Yesterday Guillermo del Toro‘s The Shape of Water won the Critics Choice award for Best Picture. CC picks don’t always mirror Academy preferences, but they have much of the time. That plus Shape‘s Golden Globe win last Sunday tells me that this erotically-tinged period fantasy fable is probably going to win the Best Picture Oscar.
A friend says “no way” because The Shape of Water has no SAG ensemble nomination, and is therefore a longer shot to win than Get Out. Okay but…but…but…Get Out can’t win the Best Picture Oscar…no! There’s also a possibility that both of these projections are wrong and that Martin McDonagh‘s Three Billboards outside Ebbing, Missouri will take it instead.
Two days ago it was apparent that Shape, Three Billboards and Jordan Peele‘s Get Out had become the leading soft default picks across the board. But Shape is the apparent darling. It’s softer, smoother and more sumptuous than the well-written, very finely performed Billboards, its closest competitor, and it’s apparently fated to overtake the politically correct support enjoyed by Jordan Peele‘s Get Out, which is either tied with Billboards or in third place — you tell me.
Sally Hawkins, Doug Jones in Guillermo del Toro’s The Shape of Water.
Accept it — a Best Picture Oscar for a very handsomely composed genre film about rapturous mercy sex with the Creature From the Love Lagoon might soon be placed alongside the statuettes for Birdman, Spotlight, The Hurt Locker, 12 Years A Slave, Platoon, The Godfather Part II, A Man For All Seasons and The Best Years of Our Lives in the Academy’s golden display case in the upstairs lobby. Probably. Maybe.

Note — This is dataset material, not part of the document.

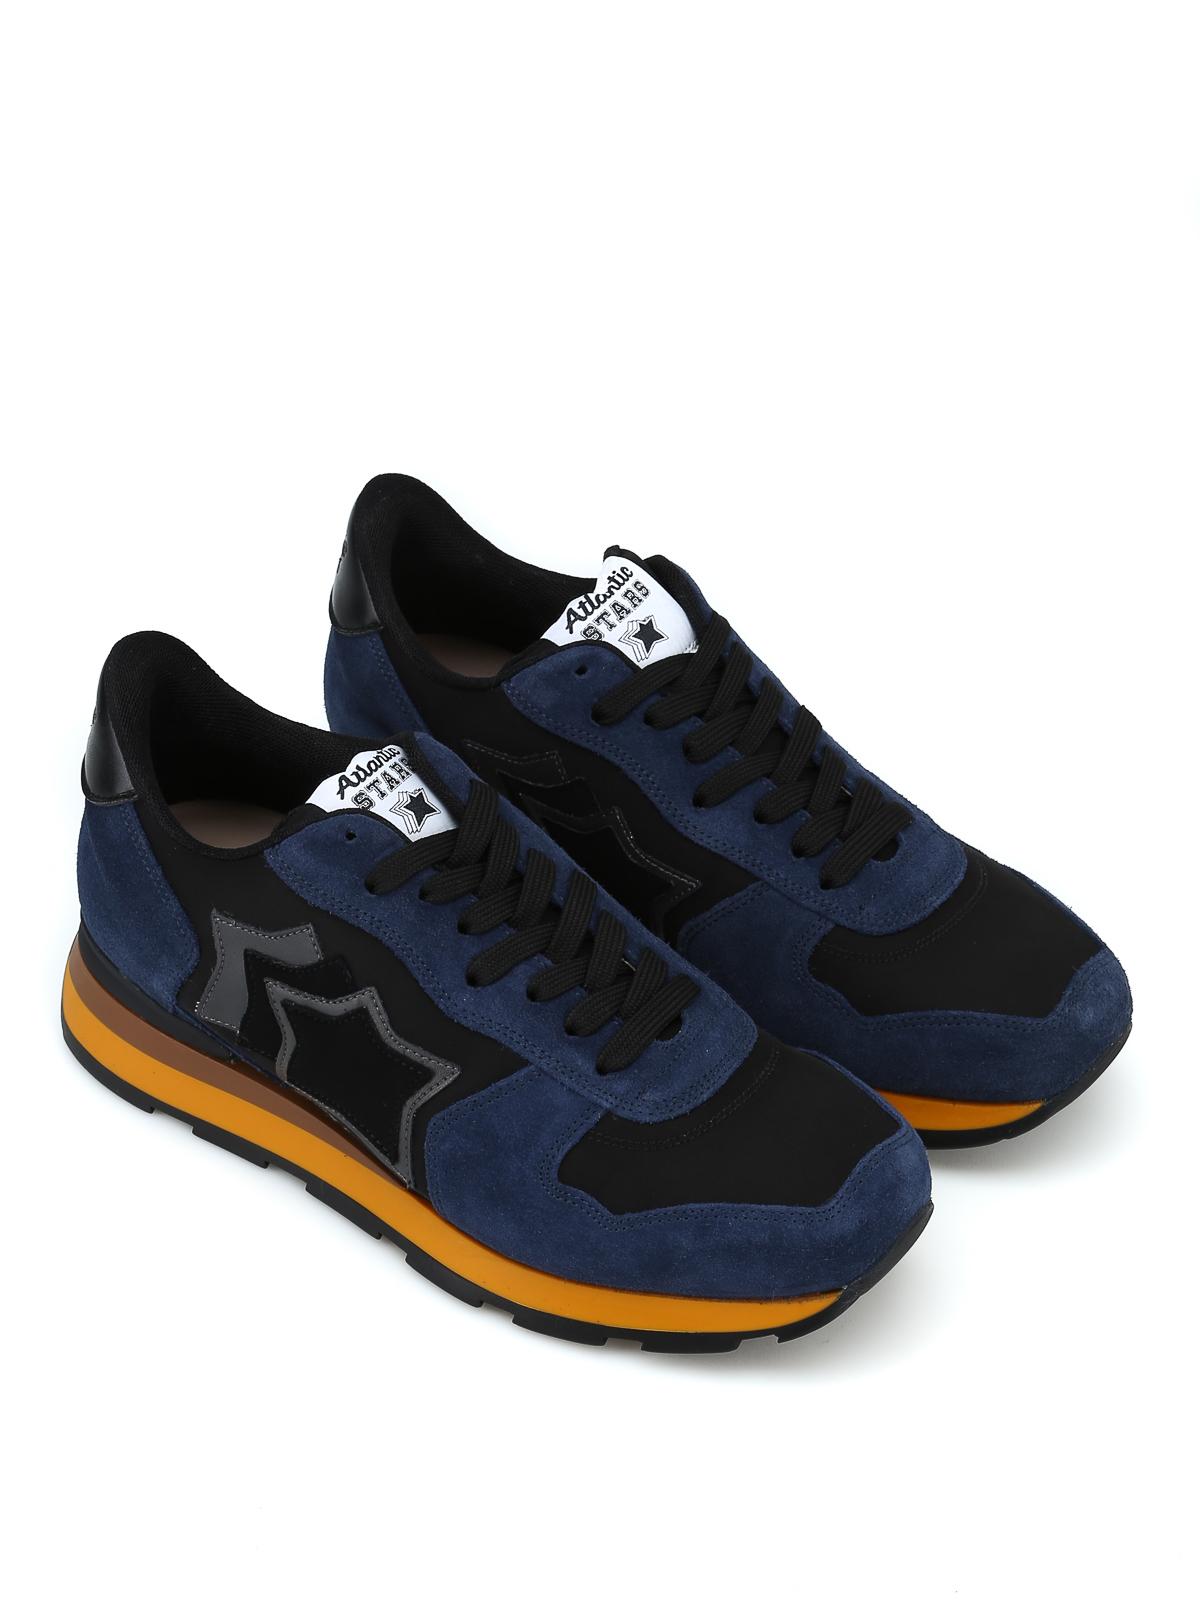 Stars Sneaker Antares Atlantic Blu Nere Sneakers E qaCqxAdFw
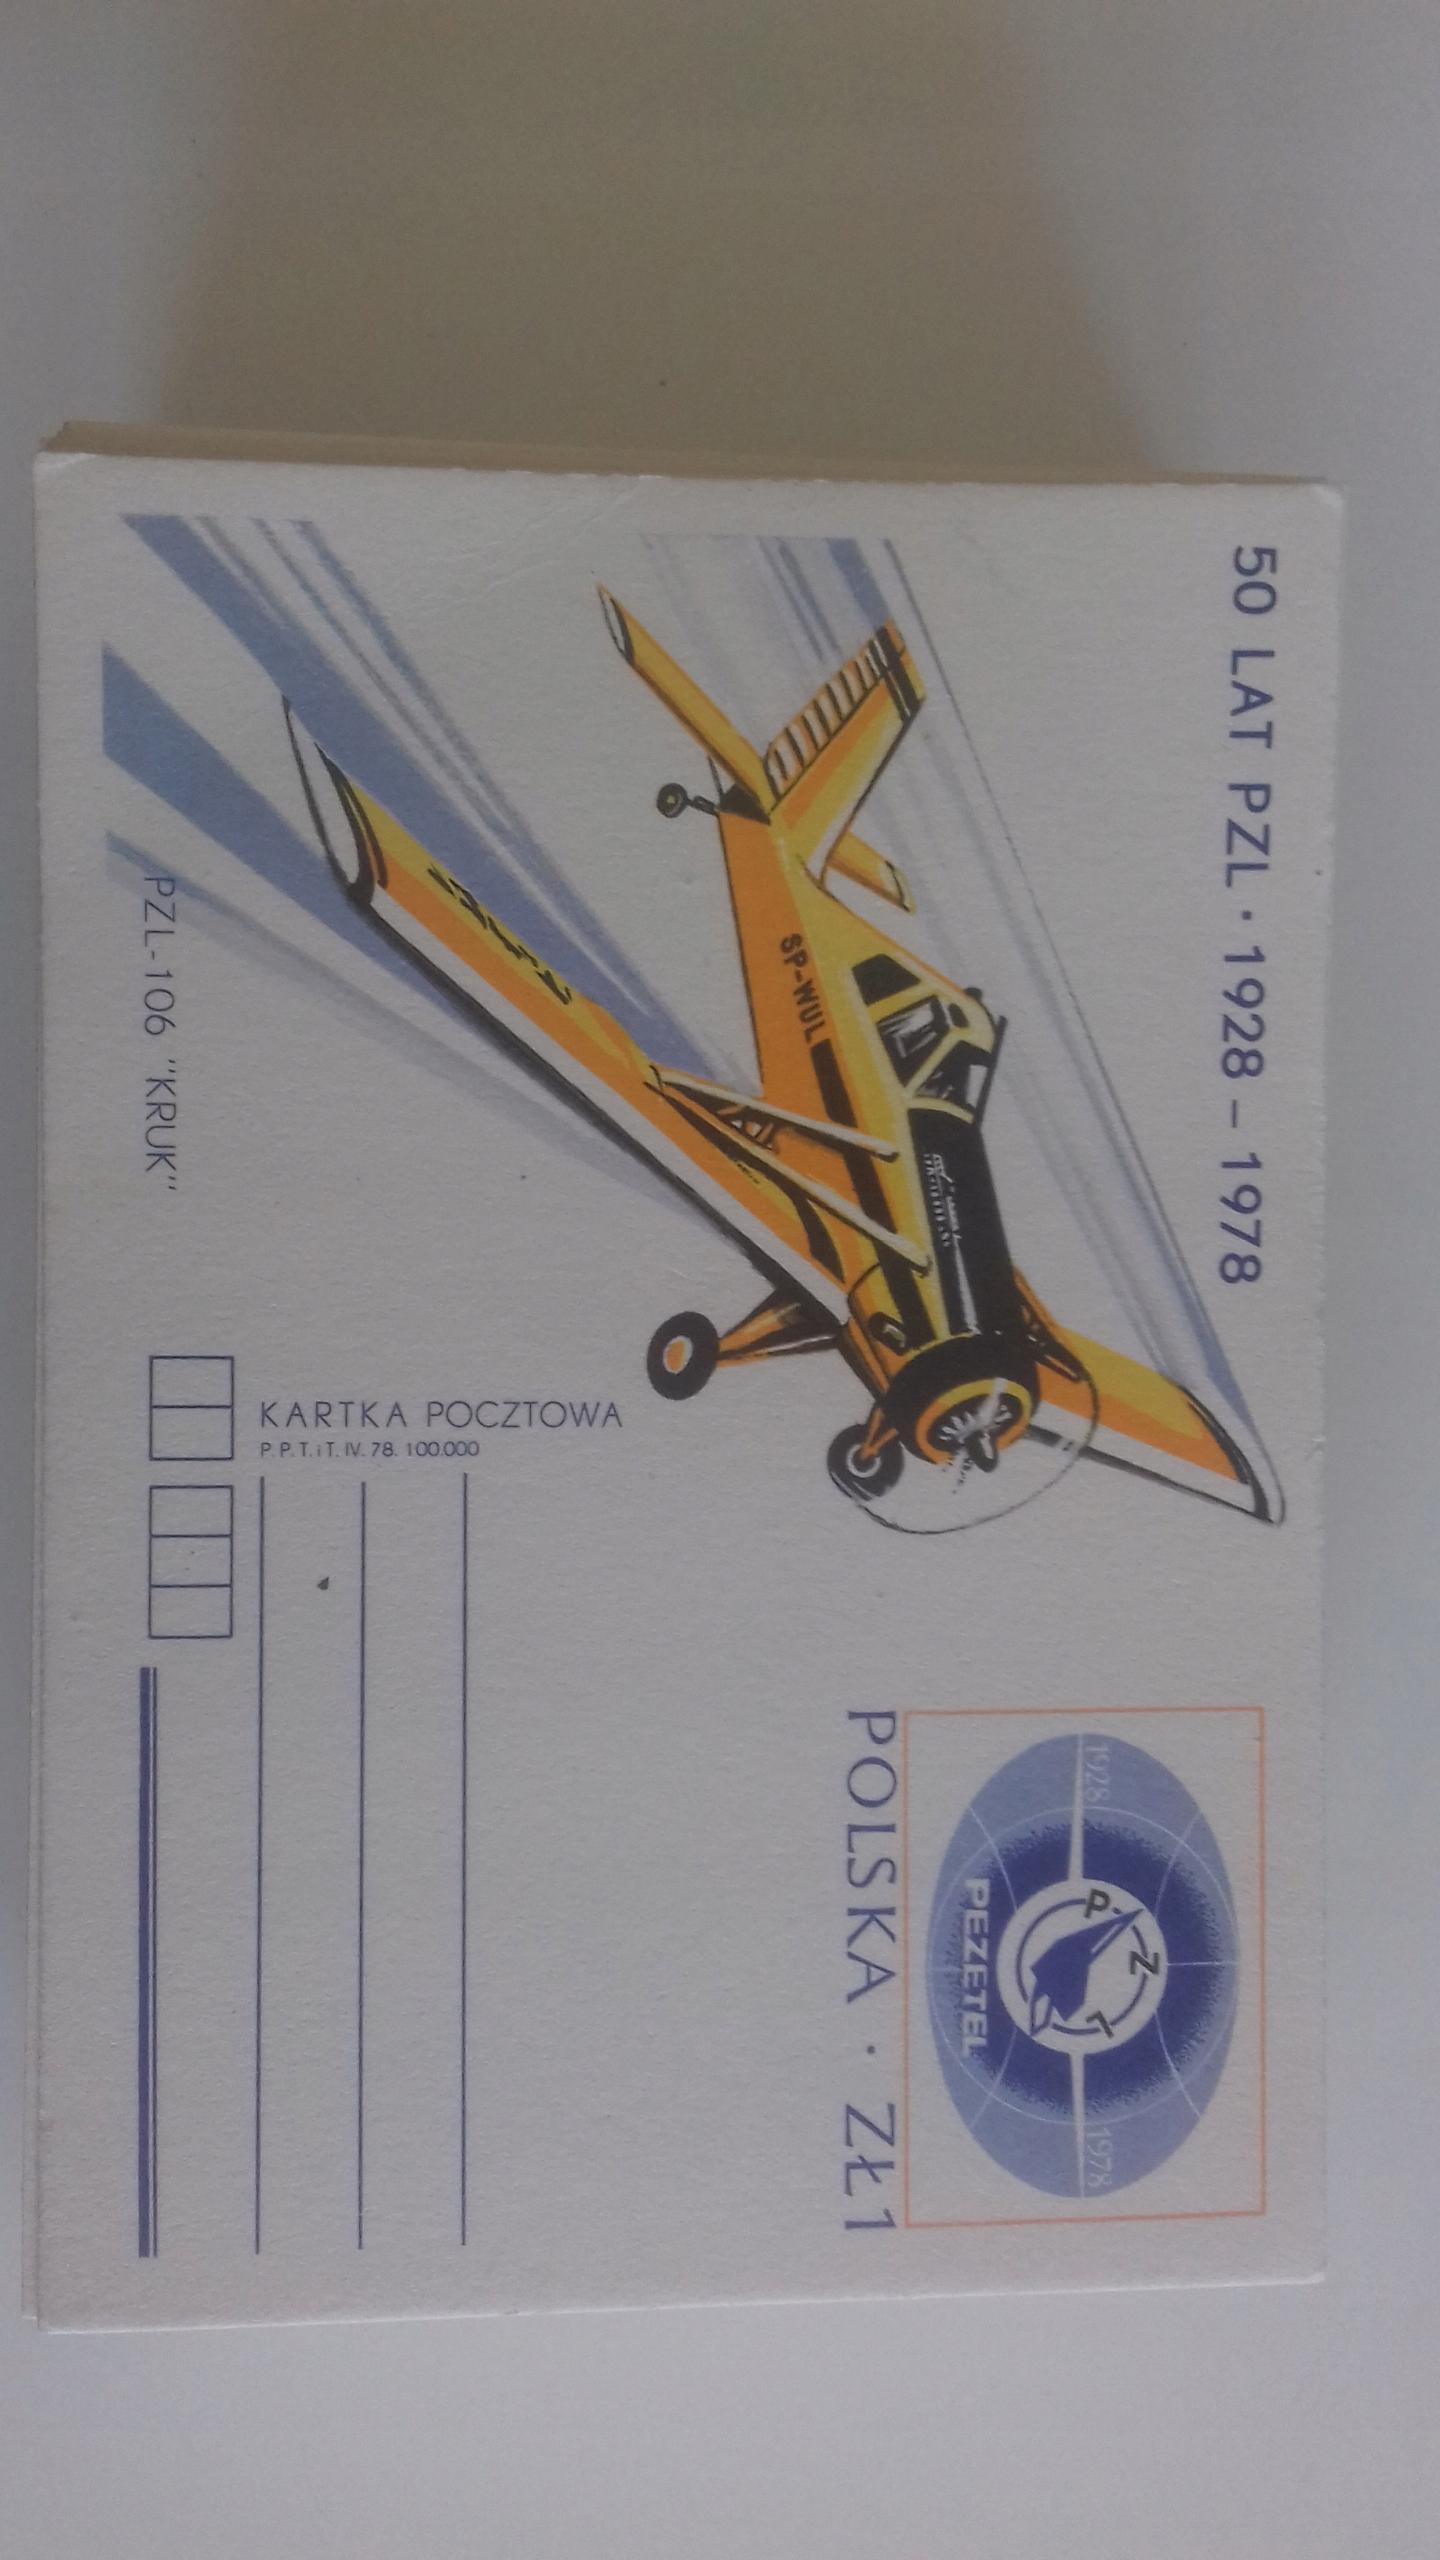 Kartka pocztowa 50 lat PZL 1928-1978

It will therefore cinch a hard-fought triumph over (a) one of the boldest, most avant garde and stunningly captured war films ever made, (b) the most emotionally affecting and transformational gay love story since Brokeback Mountain and probably of the 21st Century, and (c) one of the sharpest, punchiest and most fetchingly performed coming-of-age tales about a young woman at the start of her adult life, and in a year that obviously cries out for a top-tier woman-directed film and/or a female-centric story to be celebrated above all.
The reasons for Shape‘s possible victory: (a) it’s a lot warmer than Dunkirk and certainly warmer than the somewhat jagged-edged Three Billboards, (b) it isn’t dealing gay cards (which is a seeming disqualifier among older white male Academy members given that last year a meditative, under-stated gay movie won the Best Picture Oscar), (c) it’s an emotionally inviting fable with a Johnny Belinda-like lead performance from Sally Hawkins, and (d) you don’t have to believe in socially progressive largesse or be on the “woke” bandwagon — you just have to be susceptible.
My positive Telluride review of The Shape of Water was a bit mixed (I gave it the equivalent of an 8), but in my wildest and most cartwheely dreams back then, I never imagined it would win the Best Picture Oscar. It just didn’t seem to be “the type”, for one thing, but that’s one of the changes brought about by the newer, younger Academy members. Genre films (great sex with gill-man + a Larry Cohen-esque horror thriller about hypnosis and zombie slaves) are totally accepted these days as potential Best Picture material.
A critic friend: “You’re totally right on all of this. I guess it’s just Guillermo’s ‘time’, but how could anyone be profoundly moved by this movie? It’s all set design and in-your-face dazzle and a plastic-skinned facsimile of a ‘touching story.’ I do think, however, that Three Billboards could still win. It lines up so perfectly with this ‘woke’ moment, right? And I have to wonder: Will all those veteran Academy voters really go for The Shape of Water?
“On the other hand I think Shape is now coming on as the sort of ‘big’ Oscar movie that we all thought Dunkirk was going to be; it passes the test of being a ‘classical’ Big Picture winner.”
Another colleague: “As far as I can tell, Three Billboards is having a severe social media backlash, The Post didn’t nab a SAG or DGA nod, Dunkirk‘s lack of emotional resonance is splitting voters and Call Me By Your Name is just not lifting off.
“That leaves us with Lady Bird, The Shape of Water and Get Out. The Academy wants to surely make another political statement. Del Toro’s film, although driven by a tremendous female performance, isn’t a statement. I thought this was the era where mostly-white, Hollywood ass-kissing, self-congratulatory Oscar winners (Argo, The Artist, Birdman) couldn’t win anymore. The academy membership has also changed, and there will be PLENTY of people voting politically instead of emotionally in the age of Trump. I think it’ll boil down to Get Out vs. Lady Bird.”
Forgive me if this sounds patchworky and inconclusive, but I’m just sorting through my thoughts this morning. I’m really surprised by what’s happened. I’m heartbroken that my personal favorites (the unquestionably brilliant Dunkirk, Call Me By Your Name, Lady Bird) have been elbowed aside, but life is sometimes unfair and we all have to roll with that.